I am planning to use Tabix and i wanted to know the correct format for the BED file for SNP becuase of 0 basing in BED.

Should it be 11 89017961-89017962 or 11 89017960-89017961

and should it also be chr11 instead of 11?

Thanks in advance.

bed snp vcf • 8.5k views
Entering edit mode

In addition to the great answers below you might also find the following tutorial useful: Cheat sheet for one-based vs zero-based coordinate systems

Entering edit mode
7.8 years ago

In vcf2bed, we convert from 1-based, closed [start, end] Variant Call Format v4 (VCF) to sorted, 0-based, half-open [start-1, end) extended BED data (cite).

For your example, a single-base variant at position 89017961 would map to 89017960-89017961, by default.

(Other custom variant process options are available to handle the coordinates in a different fashion; see the documentation for information about the --snvs, --insertions and --deletions command-line options.)

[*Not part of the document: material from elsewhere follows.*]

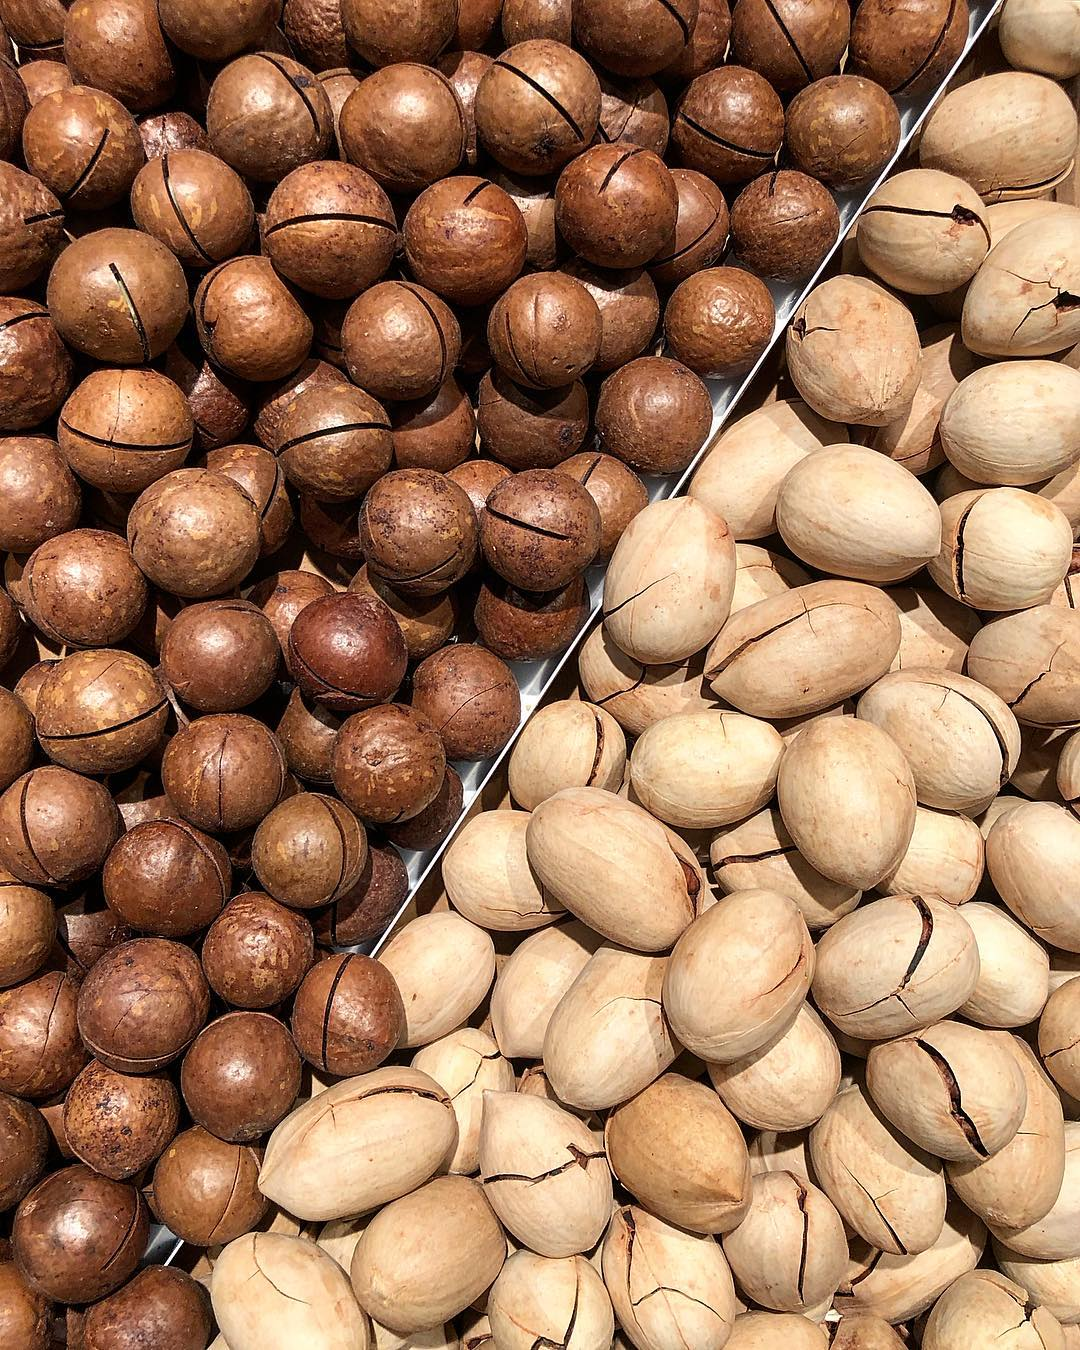 Разновидности ореха в картинках

If you plan to integrate your data with other UCSC-formatted BED datasets, consistently using the prefix chr for chromosome names is a good idea, especially if you plan to integrate toolkits like BEDOPS, GROK or Bedtools to process BED datasets, but there are other approaches you can take, depending on the data or the lab or institution you're working with.

You can fix a lot of this stuff with standard UNIX piping. Building processing pipelines with UNIX pipes is a powerful option.

For example, convert to BED and look at the first few lines with head:

$ vcf2bed < foo.vcf | head

Then use awk or other tools of choice to modify fields with prefixes, remove capitalization, etc.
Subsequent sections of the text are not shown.